Since it will be the dry season, and if we do start first part of Feb, by June should be moving date


----------



## Sariy (Jan 18, 2009)

Congratulations!


----------



## crebel (Jan 15, 2009)

Awesome.  It will be fun to follow the progress Dona!


----------



## cheerio (May 16, 2009)

Mexico is beautiful, went there a few years ago and did not want to come back


----------



## Buttercup (Oct 28, 2008)

How exciting, congratulations!


----------



## Betsy the Quilter (Oct 27, 2008)

Congratulations, Dona!  So exciting!  This is better than Kindle Watch.  Keep us posted!

Betsy


----------



## rho (Feb 12, 2009)

Congratulations!!  Can't wait to see all the progress pictures - it sounds like it will be fantastic!


----------



## R. M. Reed (Nov 11, 2009)

"One bedroom is internal"
Maybe this makes sense in a place as warm as Mexico, but I have never heard of an external bedroom.


----------



## Susan in VA (Apr 3, 2009)

Congratulations -- what an exciting project!



Anju No. 469 said:


> Since it will be the dry season, and if we do start first part of Feb, by June should be moving date


Four months to build a house?? I've seen kitchen renovations take longer than that... your builders must be an amazing bunch!


----------



## Ann in Arlington (Oct 27, 2008)

I think internal might mean that it doesn't have a direct opening to the outside. . . . .


----------



## Meredith Sinclair (May 21, 2009)

Dona, I am so excited for you. I know you are thrilled! Can't wait for the pics.


----------



## geoffthomas (Feb 27, 2009)

You know the standard requests - we want pics.
Of something.


----------



## anivyl (Nov 12, 2009)

oh oh oh good!! congratulations!!! do post pics of the entire building-decorating process  it would be interesting and exciting. I wonder, does your house come with its built-in ovens and wardrobes, water heating and kitchen cabinets like here in Australia? i am curious because back where I come from in singapore, just about everything is seperately bought/installed except for toilet bowls.


----------



## Anju  (Nov 8, 2008)

anivyl said:


> oh oh oh good!! congratulations!!! do post pics of the entire building-decorating process  it would be interesting and exciting. I wonder, does your house come with its built-in ovens and wardrobes, water heating and kitchen cabinets like here in Australia? i am curious because back where I come from in singapore, just about everything is seperately bought/installed except for toilet bowls.

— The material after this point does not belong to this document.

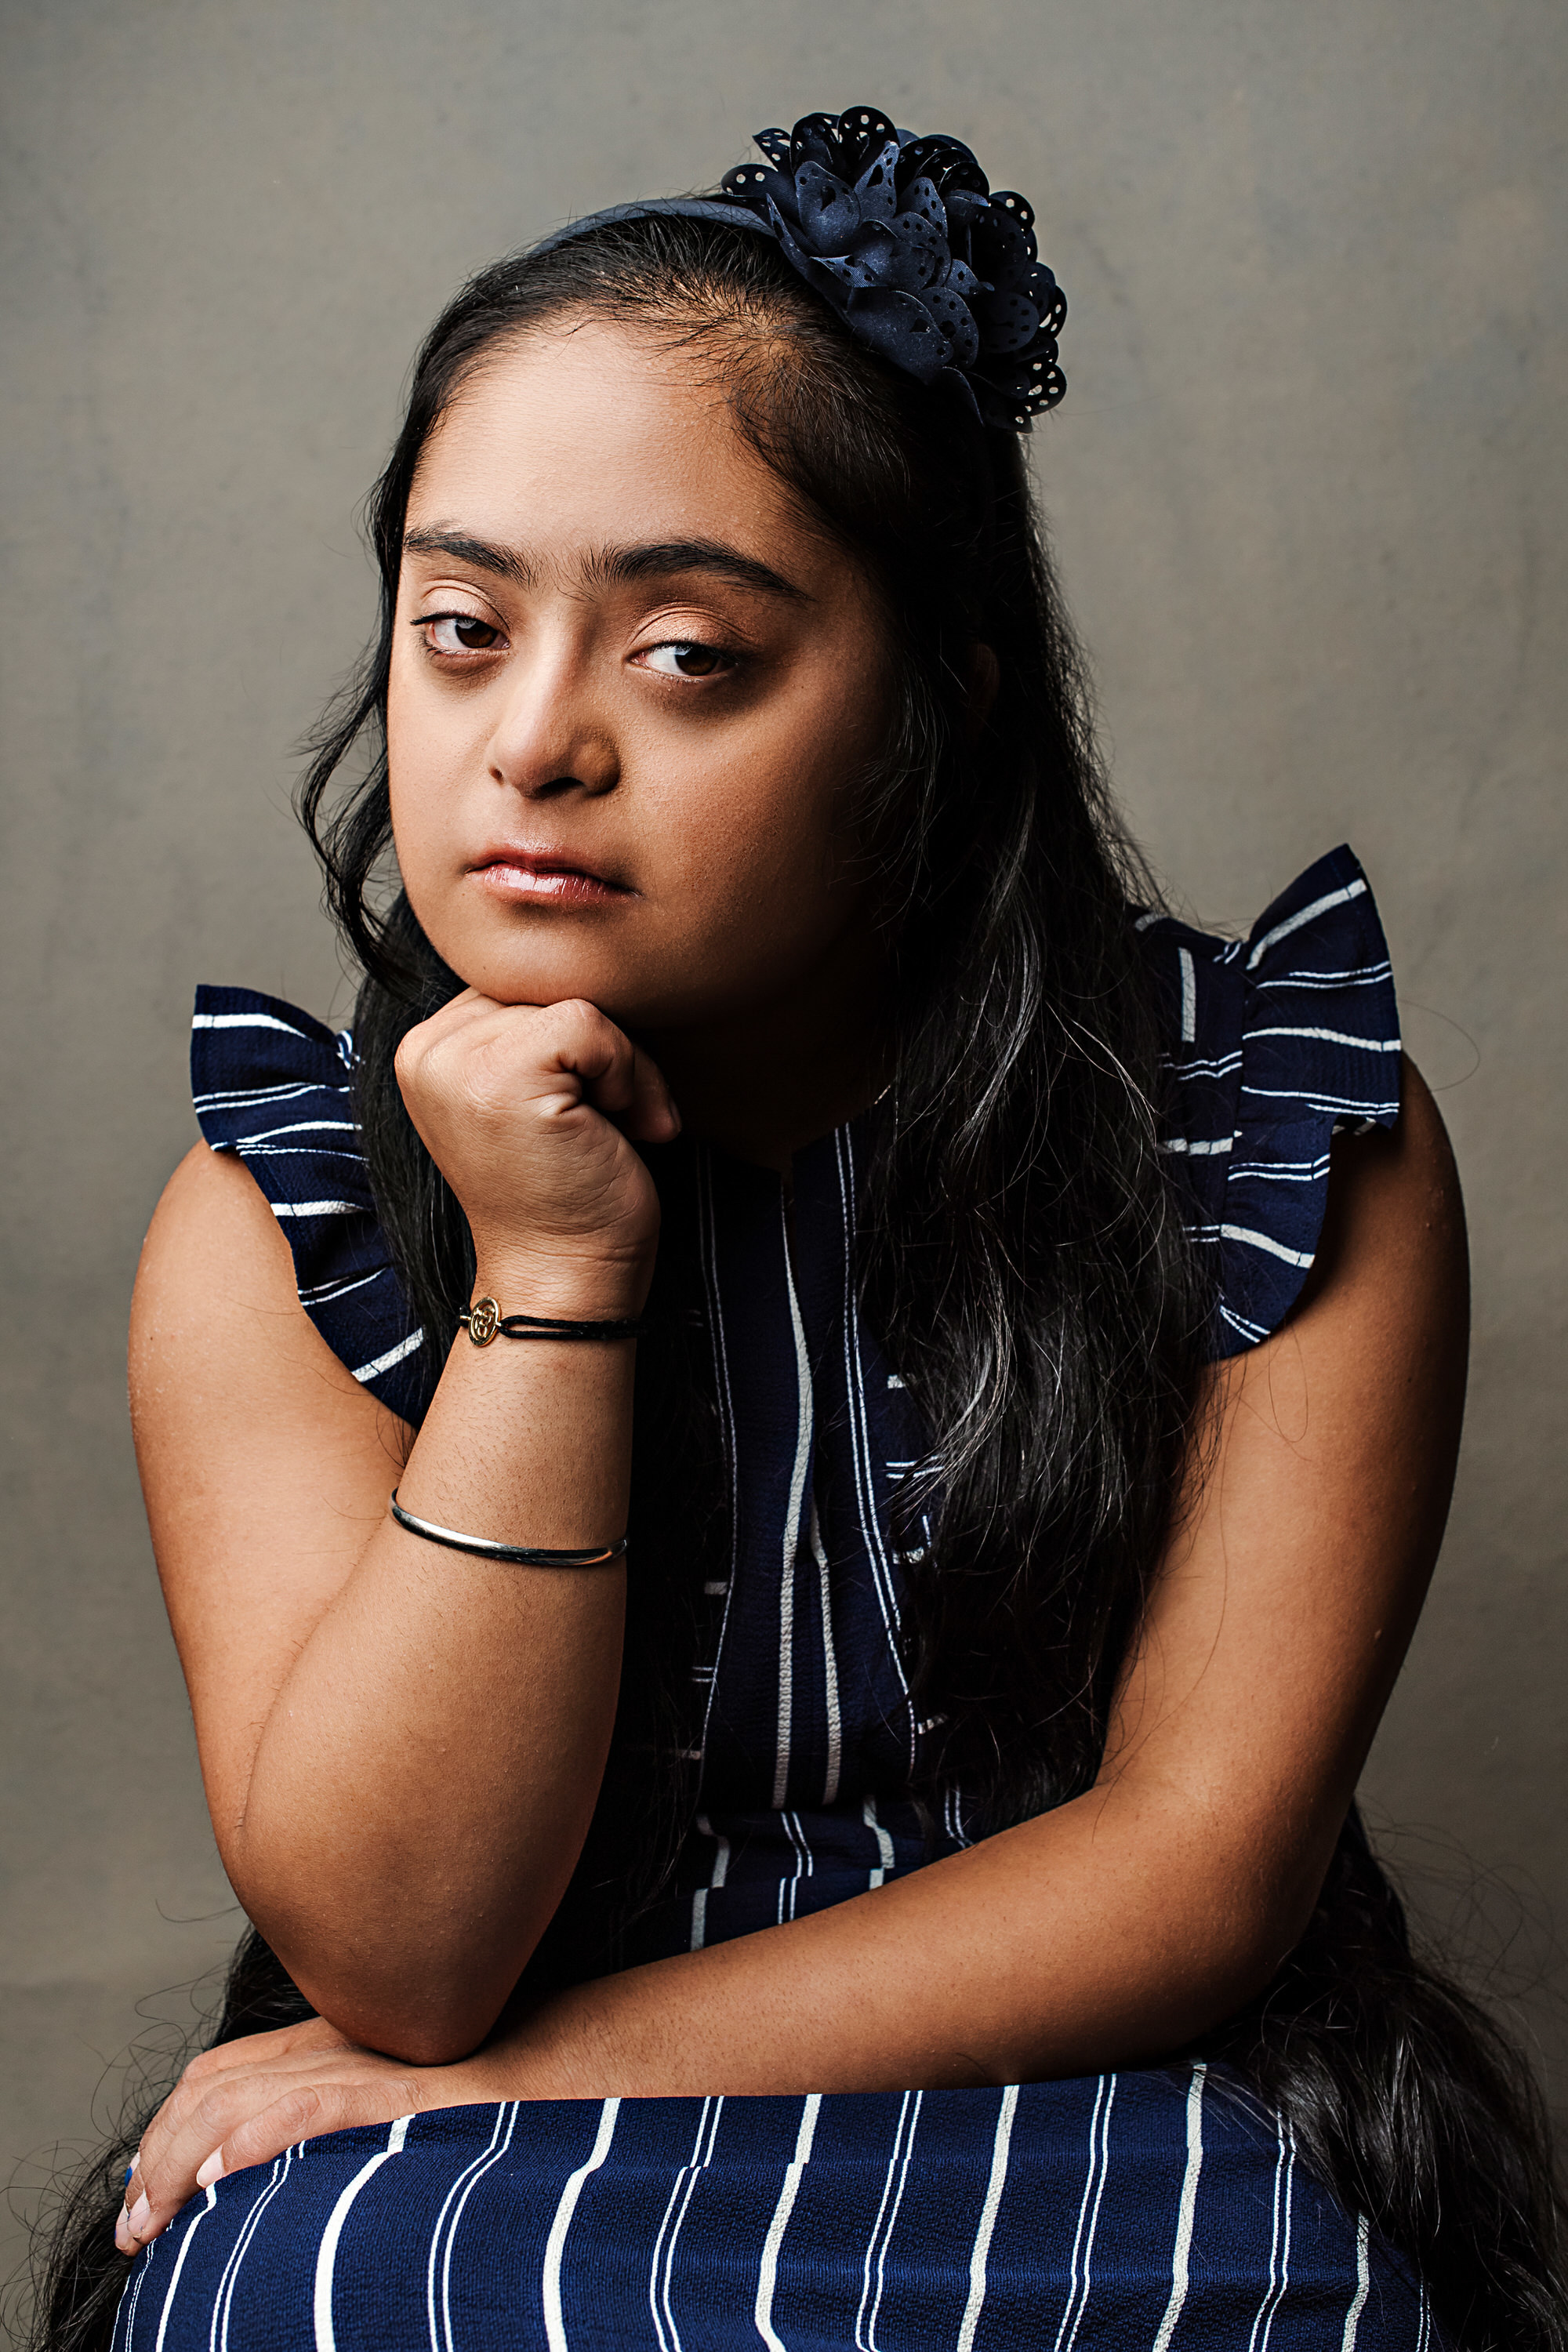 Bandagi Jaggi, girl with Down syndrome wearing a blue striped dress.

It is supposed to be turn-key, but think I'll get to choose fridge's, oven, floor tile, maybe even cabinets before they are installed.


----------



## Carol Hanrahan (Mar 31, 2009)

Cool, Dona!  Get your camera ready!  We want before, during and after pics!


----------



## Marguerite (Jan 18, 2009)

Dona,  My sister-in-law lives with her family in Leon and my niece is getting married in San Miguel de allende in June.  Haw far are you from there?  I have visited there and Guanajuato when I lived in Guadalajara one summer learning Spanish.  I have always loved that part of Mexico.  When my DH's aunt and uncle lived SMA however, my aunt-in-law never learned spanish.  It just seems somehow wrong to live there and not have to speak the language.  Yes, I know that the reverse is true all over California, but  feel the same about that too.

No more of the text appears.